“后来呢?”
“后来你真打了?”
“我们都没看见啊,你是偷偷打的?哈哈哈还以为卫慕没挨过打,原来也没逃出魔掌啊……圆满了!”
后来?
应思又吭哧吭哧笑起来,还一直盯着卫慕,笑得他扭过头不看她了。
大约他们两个都记得很清楚。
那时候应思跟人打架虽然没输,但是也没赢,心情不爽,就气势汹汹地对着卫慕撸袖子,凶神恶煞地说:“你老跟着我干嘛!”

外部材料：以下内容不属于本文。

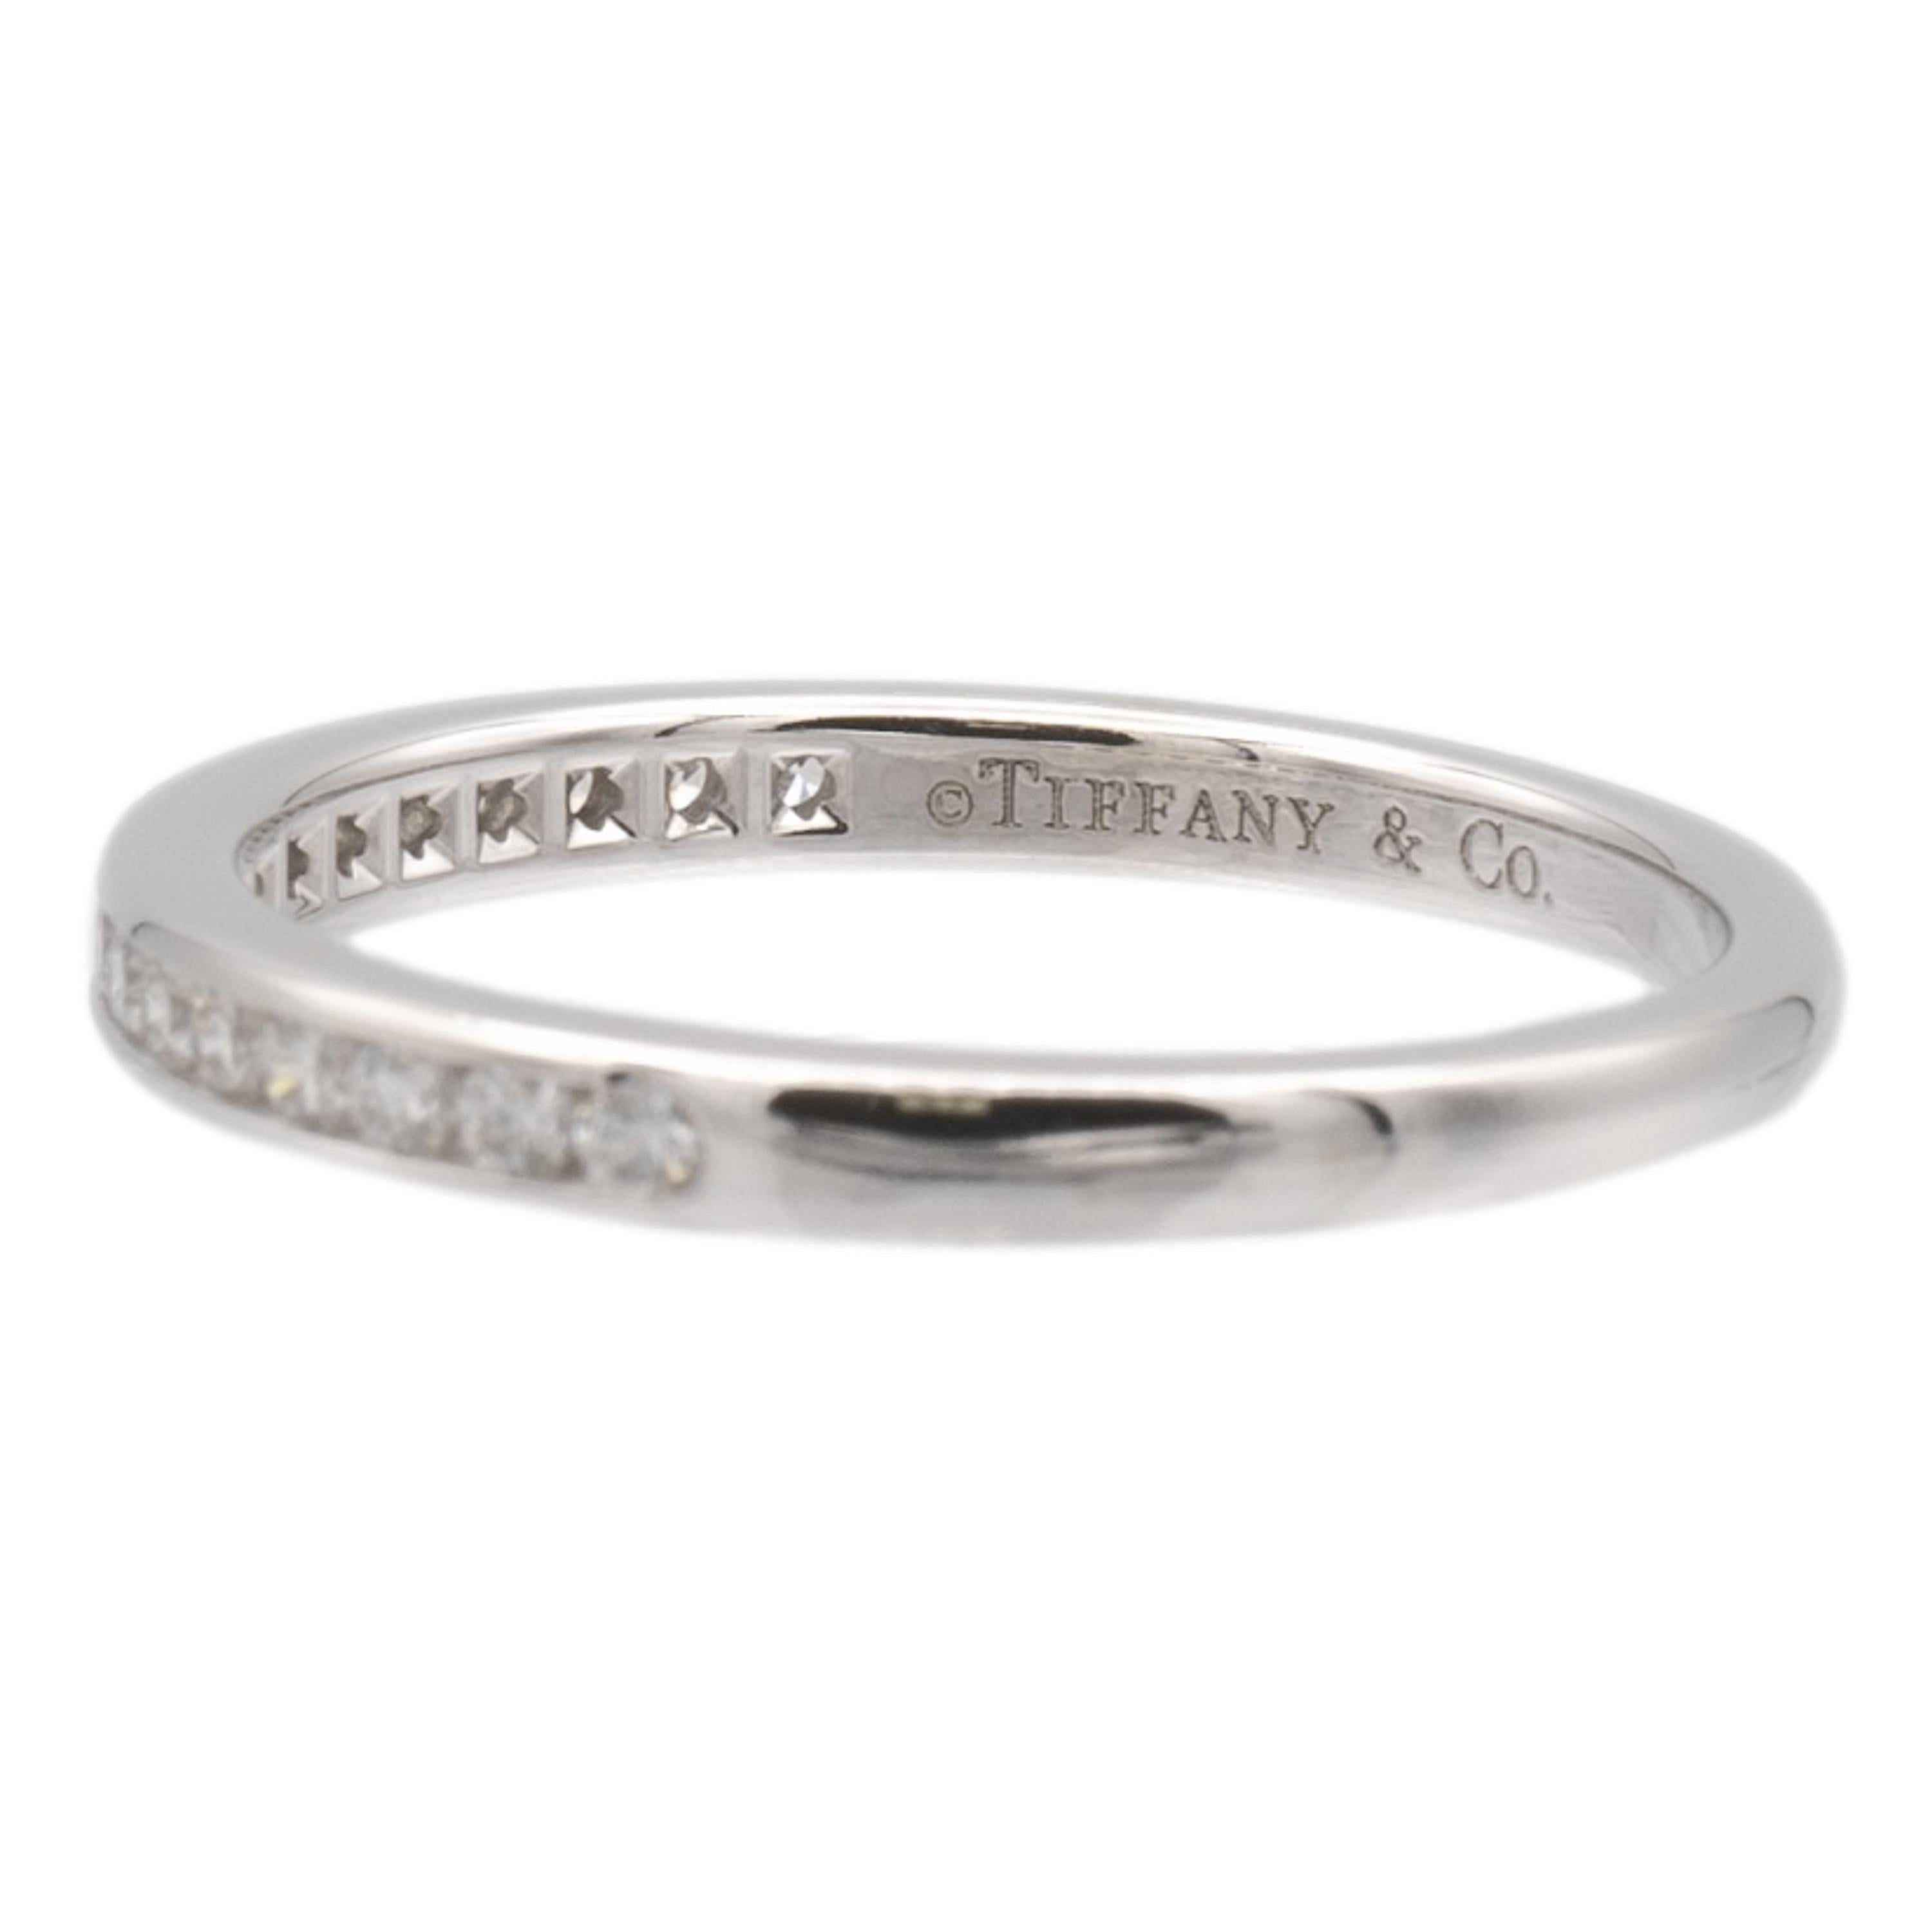 Taille brillant Tiffany & Co Platinum Half Circle Eternity Band Ring .17ct 2 mm Size 6.5 en vente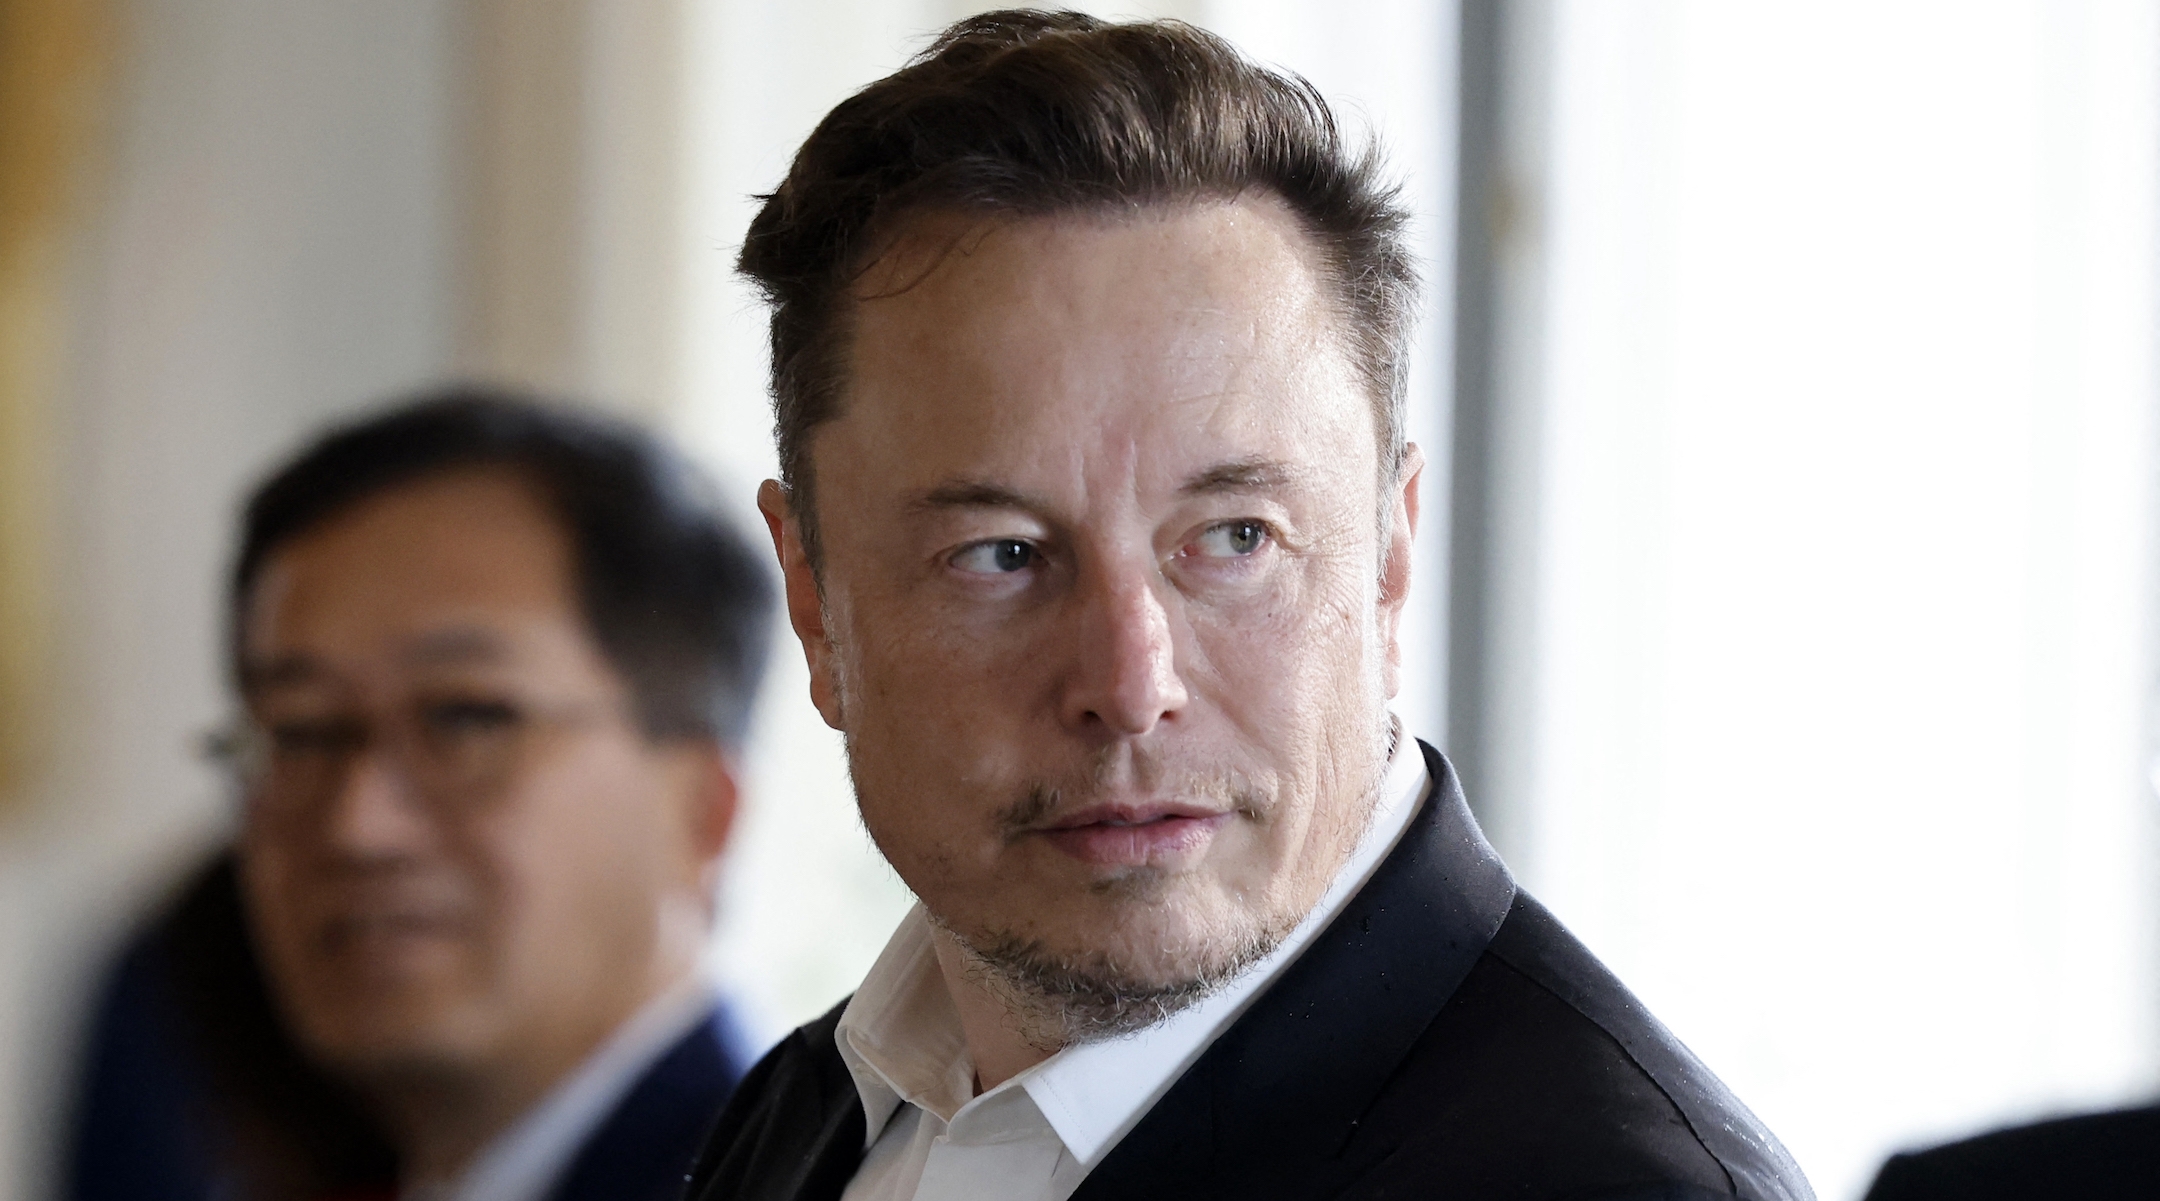 Israeli health ministry calls out Elon Musk for sharing 'fake news' on COVID-19

卫慕先是没反应过来,等回过神就磕磕巴巴地“我、我……”我了半天没说出什么了。
急脾气的应思一手抓住他的胳膊就要去将人搡倒,没料到卫慕瞬间就闹了个大红脸。
反倒把应思吓了一跳——其实她那时候还不太懂得男孩子和女孩子的区别。都是大人们一直说,她才隐约懂得卫慕跟她不一样,是“皮实经打”的男孩儿。
结果这下本来都要动手了,卫慕脸一红,漆黑的眼睛里就漫上雾气,应思脑子转不过弯来,以为他要哭了,一下就觉得他是个不经打的妹妹。
要知道她平时跟那些男孩子打架,大家都是再疼都不会哭的,最多就是干嚎几声,或者哇哇大哭,听得人暴躁更想揍人。
哪里见过卫慕这样的架势。跟那些被爸妈骂了的姐姐一样……
应思吓坏了,然后——她飞快地松手,见鬼一样扭头就跑了。
从那以后,莫名其妙的,应思就再也不想对卫慕动手了、即使因为她“打遍全村”的名声而不对卫慕伸出魔爪,小伙伴们嘲笑过她是不是怕卫慕什么的……她也只是气呼呼地冲上去跟人打架,不辩解不掩饰。
然后……
卫慕就真的做了她的小尾巴,她在哪里他就在哪里。
再然后村子里的人就也开始见到两人就开他们俩的玩笑,玩笑着玩笑着,就成真的了。
现在想起来小时候的事情,居然一点一滴都这么清晰,好像就是昨天发生的一样。小不点卫慕的样子她还记得一清二楚。
可是其实他们都已经这么大了,有的人孩子都生了。
“思思,你们聊什么呢这么高兴?”
应思转过头,看到一个小时候玩得最好的女玩伴,脾气虽然软绵绵,但却能跟她玩到一起去,大家常常一起上学放学课间踢毽子打沙包什么的。
其他人也知道她们俩感情好,于是又你一言我一语地说起应思跟卫慕小时候的事情。
应思干脆过去坐在卫慕身边挽住他胳膊。
那个也姓应的玩伴笑了笑:“思思,我刚刚过来的时候看见应言在三奶奶家跟那些人打牌,他这样有些天啦,奶奶说不听,你跟大叔回来了也不管管?”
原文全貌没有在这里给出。